By Dominic Ponsford
The vicar of Fleet Street, Canon David Meara, has weighed in on the
side of journalists following a speech by the Archbishop of Canterbury
attacking the press.
Just hours after Canon Meara officiated at the service in St Bride’s
Church, Fleet Street, last week to commemorate Reuters moving to Canary
Wharf (see picture below), his boss Rowan Williams was criticising the
press in a speech at Lambeth Palace.
Williams
spoke of “lethally damaging” practices among journalists and an
“embarrassingly low level of trust in the profession”.
He
said: “High levels of adversarial and suspicious probing send the clear
message that any kind of concealment is guilty until proved innocent.”
And
he concluded: “A flourishing, morally credible media is a vital
component in the maintenance of genuinely public talk, argument about
common good.
“Such talk is not in rich supply just now, and it is only fair to ask what share of responsibility the media has for this.”
Meara
told Press Gazette: “I agreed with much of what he said, but I think in
a way he was choosing the wrong targets to attack. He made a rather
nice analogy between good journalism and a good conversation.
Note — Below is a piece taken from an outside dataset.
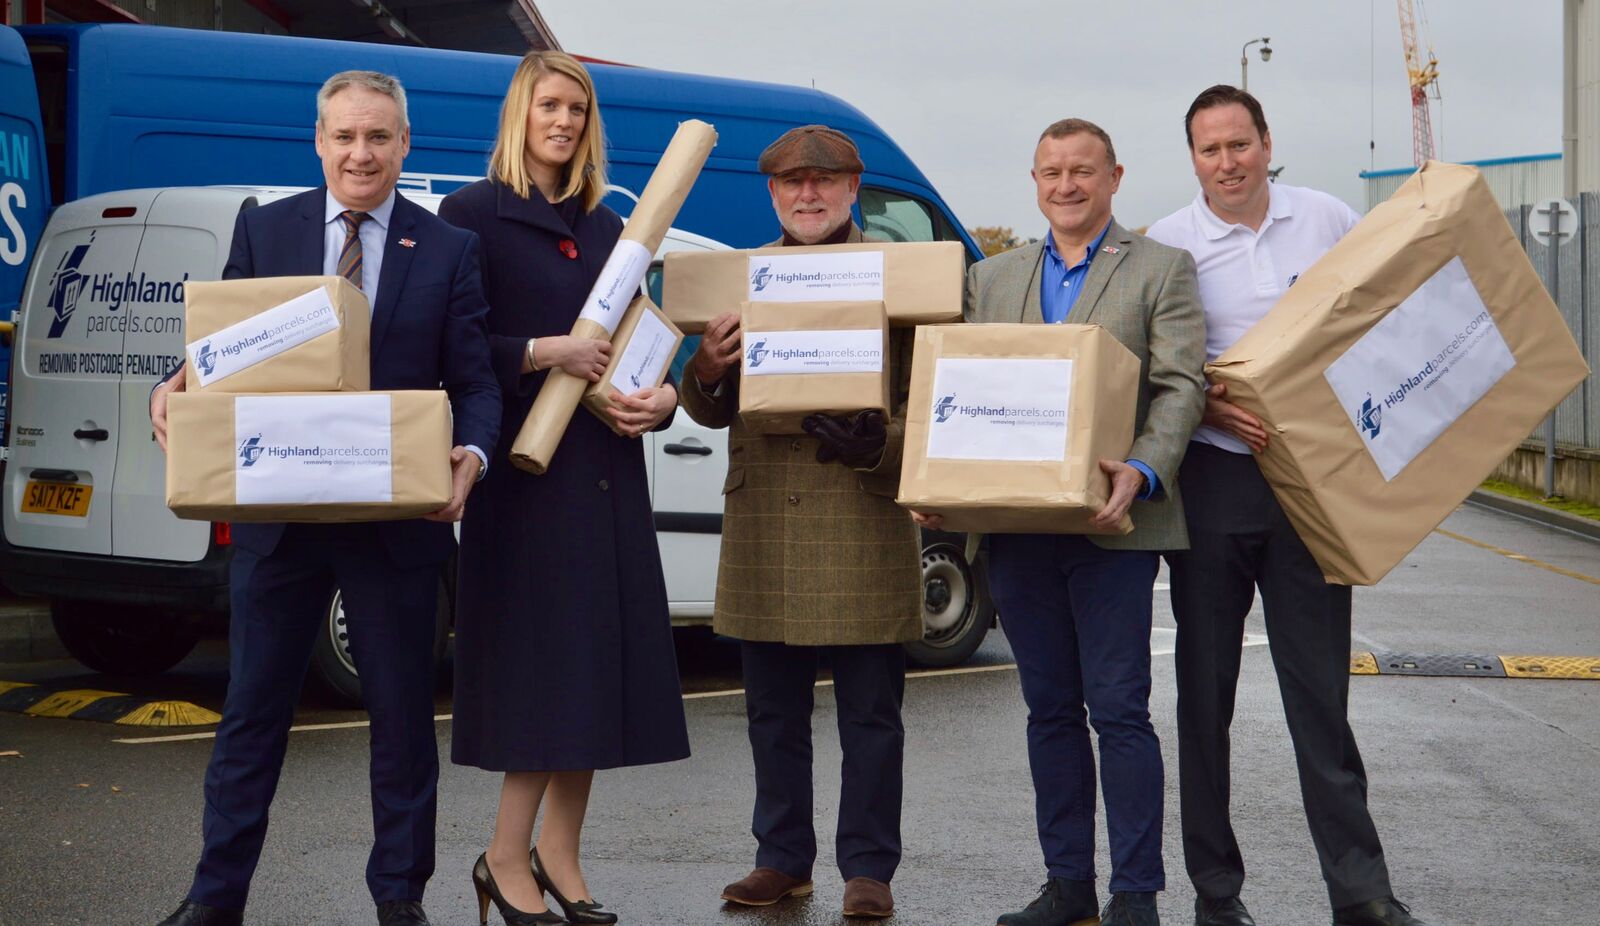 Richard Lochhead MSP, Fishbox director Fiona Houston, businessman Willie Cameron, Drew Hendry MP and Menzies Distribution general manager Fraser MacLean at the launch of the Highland Parcels delivery service.

“It seems to me that on that score the press does quite well – he seemed to lump together journalism as a whole.
“In
terms of having a conversation I think that local and regional
newspapers are very good at having that ongoing relationship with
readers. And even the nationals are getting better: Mary Ann Sieghart
from The Times was telling me she has an email address at the end of
her stories and she gets lots of feedback and does have an ongoing
email conversation with her readers.
“And broadcasters are also getting quite sophisticated at maintaining some sort of interactive relationship with their viewers.
“When
I was first appointed at St Bride’s people said things like ‘if you sup
with the devil use a long spoon, these are dangerous people’. But the
journalists I’ve dealt with have been, without exception, delightful
people.”
Canon Meara also spoke up in support of the press by writing a piece in this week’s News of the World.
He
wrote: “There is sensuality about the printed word, about the feel of a
newspaper – the familiar masthead, the reassuring sequence of pages.
Does that make me feel like a complete saddo? If so, I’m proud to be
sad because I love newspapers and I’m proud of our newspaper industry.”